Fig. (1).

Interactome based therapeutic discovery paradigm used by the CANDO platform. Humans typically ingest a therapeutic drug (a small molecule or a biologic agent) with the goal of targeting particular indications (including infectious, inherited, and neoplastic diseases). The schematics for drug, disease and mechanism were adapted and modified from Servier Medical Art under Creative Commons CC-BY license. The visualization of the network of interaction between imatinib and its interactome was made using the STITCH4 platform [153]. In terms of mechanism, a given drug works by binding to one or more target proteins of interest, but also binds to other proteins causing off-target (neutral) and anti-target (negative) side effects.
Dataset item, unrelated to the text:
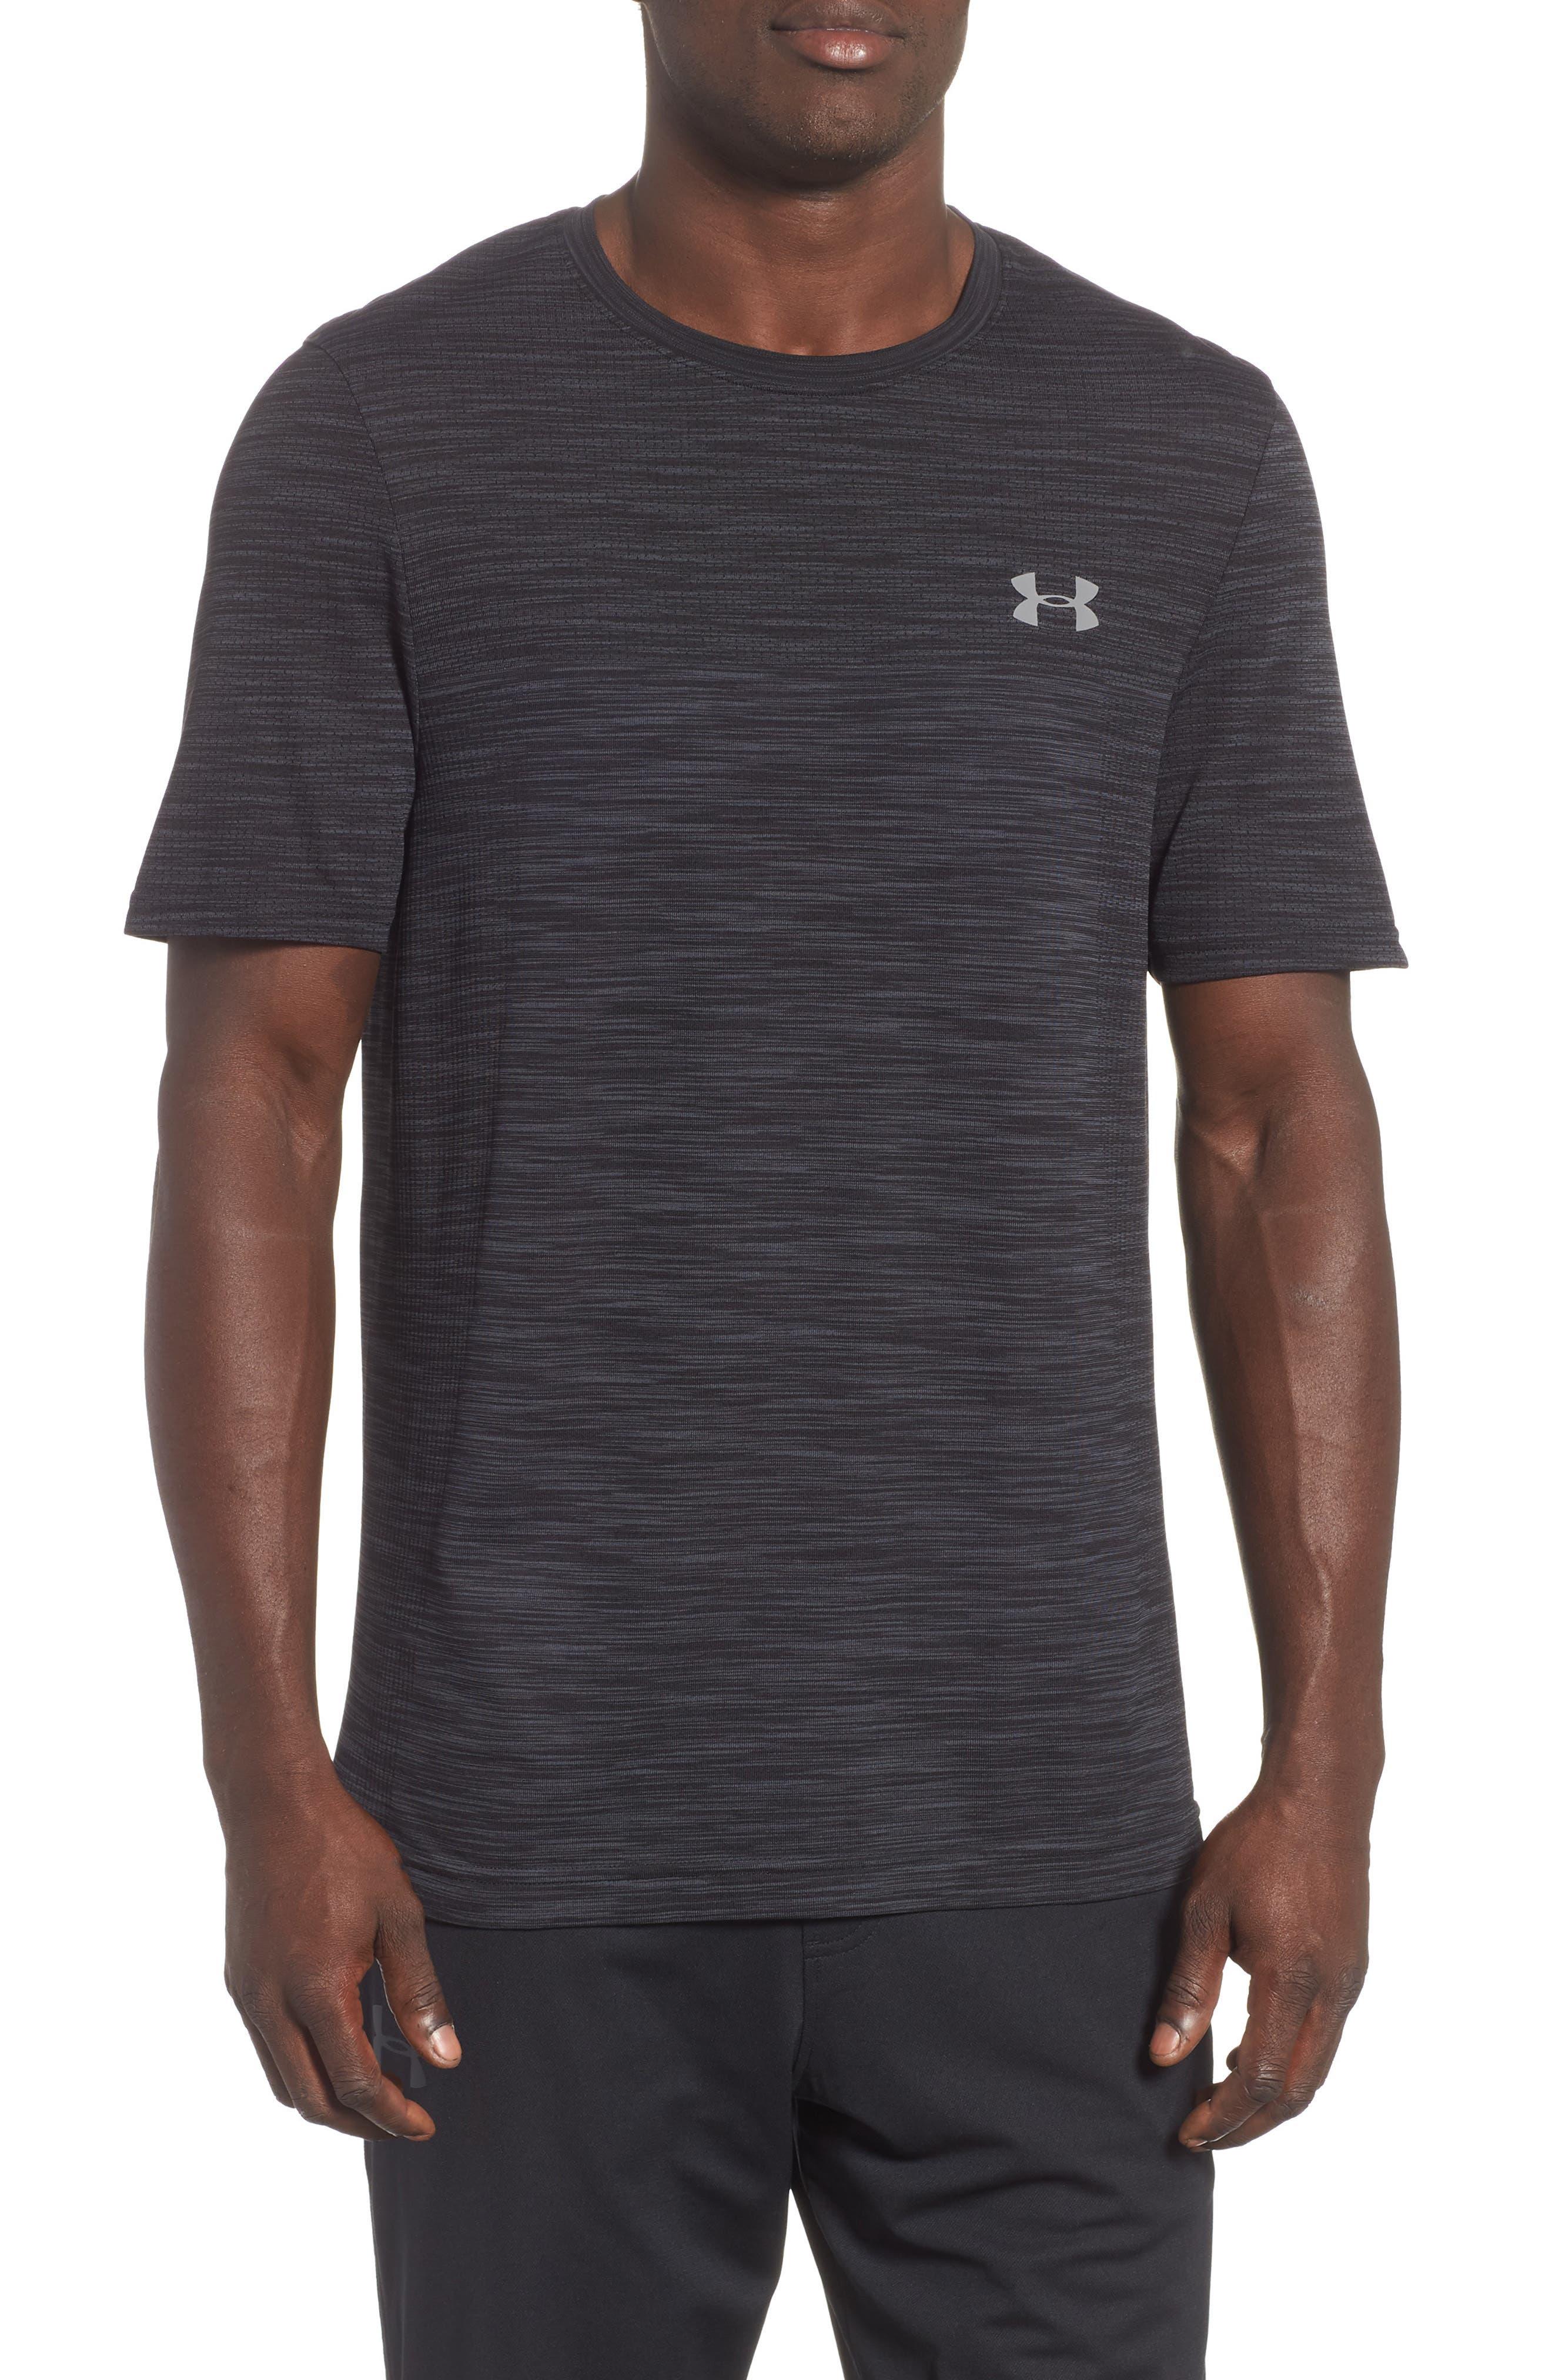 Siphon Performance T-Shirt,                             Main thumbnail 1, color,                             BLACK

The CANDO platform makes interaction predictions for "all drugs" (currently a library of 3733 human approved compounds) against "all proteins" (currently a library of 48,278 proteins) to determine its efficacy against whole systems of interest, thereby enabling it to make putative drug predictions for “all” indications (that the library of drugs are currently approved for) simultaneously by performing comparative analyses of drug-proteome interaction signatures. In contrast to traditional drug discovery approaches focused on single targets, our innovative paradigm inverts the traditional one by first compiling a library of compounds/drugs that are safe to ingest with established side effects, and the shotgun virtual screen against whole proteomes/interactomes enables drug predictions for all indications simultaneously.